Les informations concernant près de 2,6 millions de foyers locataires et occupants du parc privé avec tous les membres, identité, adresse, situation professionnelle, ressources et reste à vivre après paiement du loyer, type de logement et loyer, voire les autres allocations versées avec leurs montants, seront probablement bientôt divulguées à l’Agence nationale de l’habitat (ANAH).
Le Conseil national de l’habitat — instance consultative de tous les acteurs du logement, fonctionnaires du ministère, associations de locataires, promoteurs et agents immobiliers — s’est déroulé le jeudi 18 et vendredi 19 mars. Visiblement, les discours échangés lors de cet événement ont été houleux.
Une dizaine de projets de décret ont effectivement été étudiés. L’un d’entre eux, en application de la loi « énergie et climat » du 8 novembre 2019, a particulièrement soulevé des débats, sous la présidence de Mickaël Nogal, député de Haute-Garonne.
Ce projet prévoit pour chaque année, la transmission des fichiers sur les usagers du parc privé, locataires et propriétaires, bénéficiaires des aides au logement à l’ANAH. En effet, la Caisse nationale d’allocations familiales et la Mutuelle sociale agricole seraient désignées pour réaliser cette mission.
D’après la note de présentation de décret mentionné précédemment, ces informations seraient nécessaires pour « aider à la mise en œuvre de missions de service public réalisées par l’ANAH, identifier les logements susceptibles de bénéficier d’aides à l’amélioration qu’elle propose » aux ménages vivant dans des logements défavorisés. Elles seraient également utiles pour « mieux lutter contre la fraude en croisant les données issues de différents organismes ».
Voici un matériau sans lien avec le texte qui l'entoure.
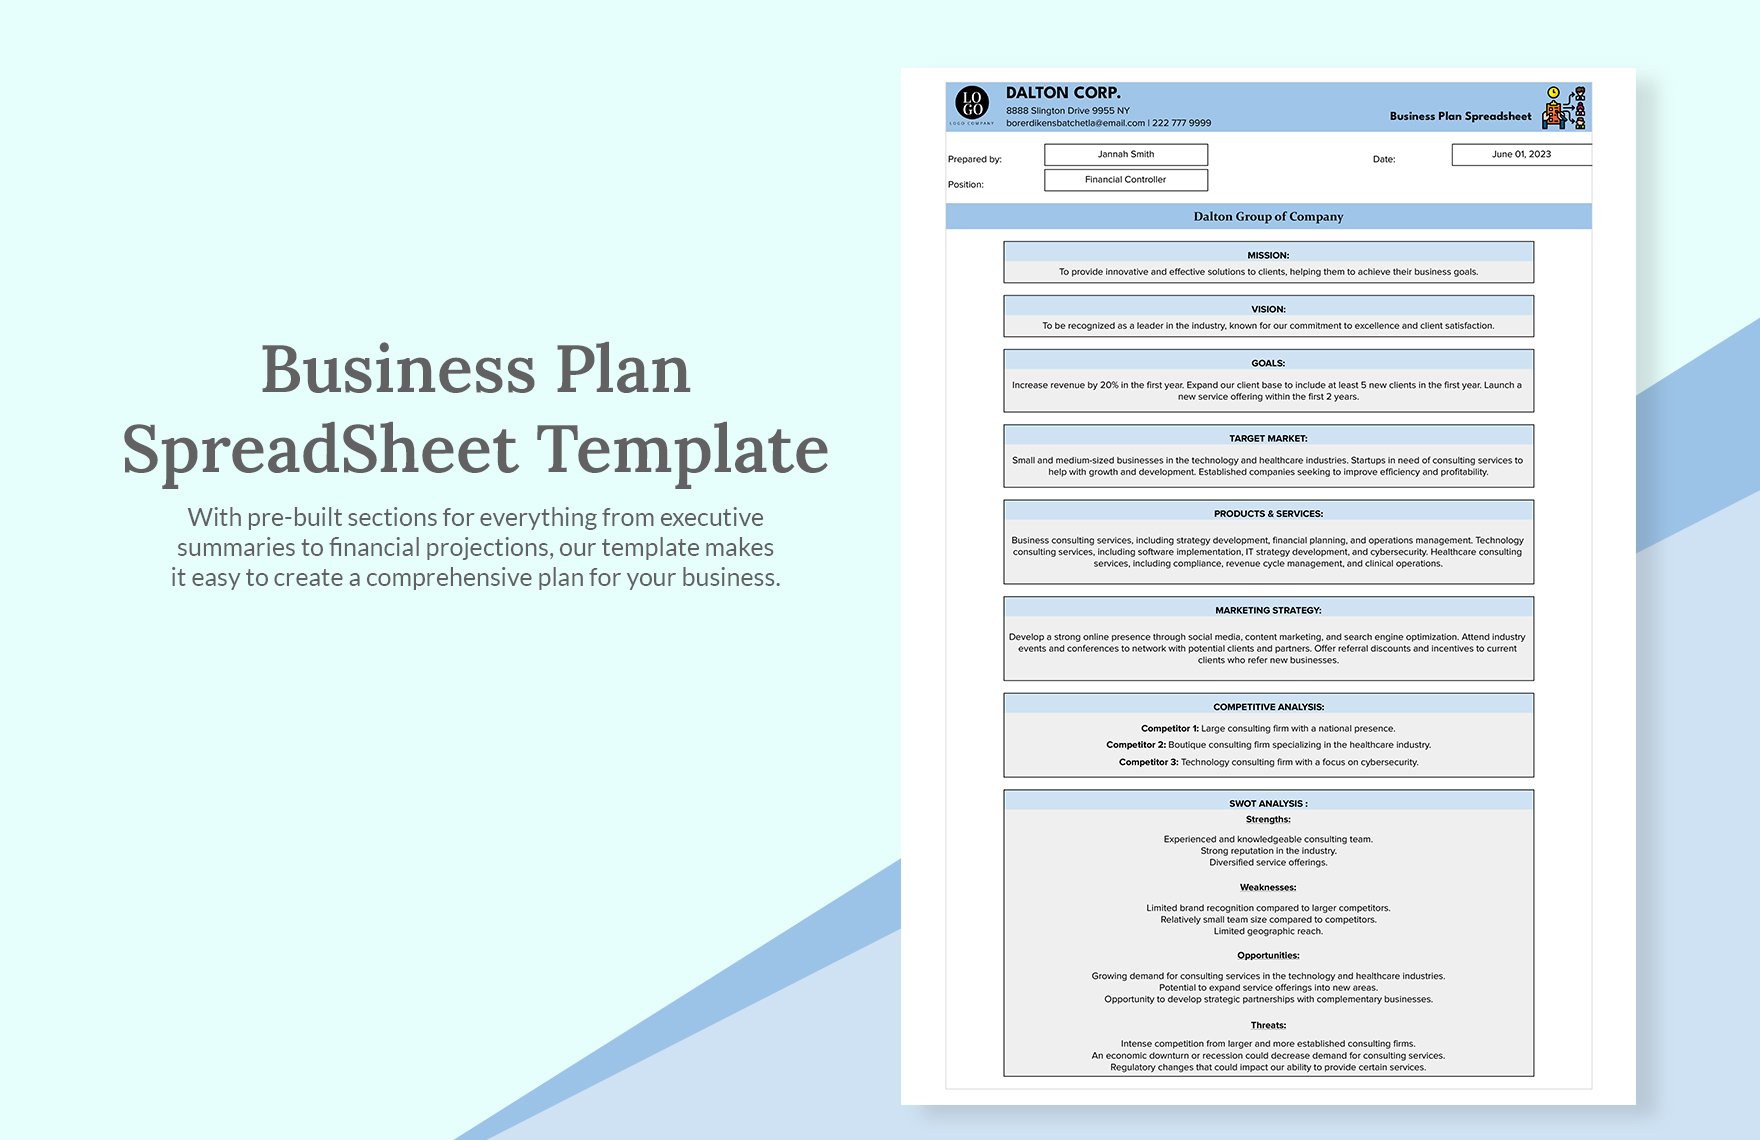 business plan excel spreadsheet template

Selon l’explication de Guillaume Aichelmann, chargé de mission de l’association Consommation Logement Cadre de vie « Ce transfert massif d’informations, qui ne seront pas réservées aux seuls salariés de l’ANAH puisqu’elles peuvent être déléguées à des sociétés tierces, des sous-traitants, nous inquiète. Ce sont décidément toujours les pauvres que l’on contrôle ! Quant à la lutte contre la fraude, elle vise à nouveau les seuls ménages aidés alors qu’elle pourrait mieux exploiter, par exemple, les déclarations de revenus des bailleurs ».
M. Pelenc, membre du Conseil national de l’habitat, est apparemment d’accord sur la concrétisation du projet de décret. De ce fait, il estime : « En tant qu’opérateur, nous manquons toujours de données pour identifier les habitants qui ont besoin d’être aidés, explique Michel Pelenc, directeur général de Soliha, association qui, au nom de l’ANAH, démarche et conseille les ménages dans l’amélioration de leurs logements. Mais là, j’admets que le moyen est un peu disproportionné dans la mesure où le nombre de logements faisant l’objet d’une convention avec l’ANAH dépasse rarement les 10 000 par an, avec de très rares cas de fraude… On prend un marteau pour écraser une mouche ».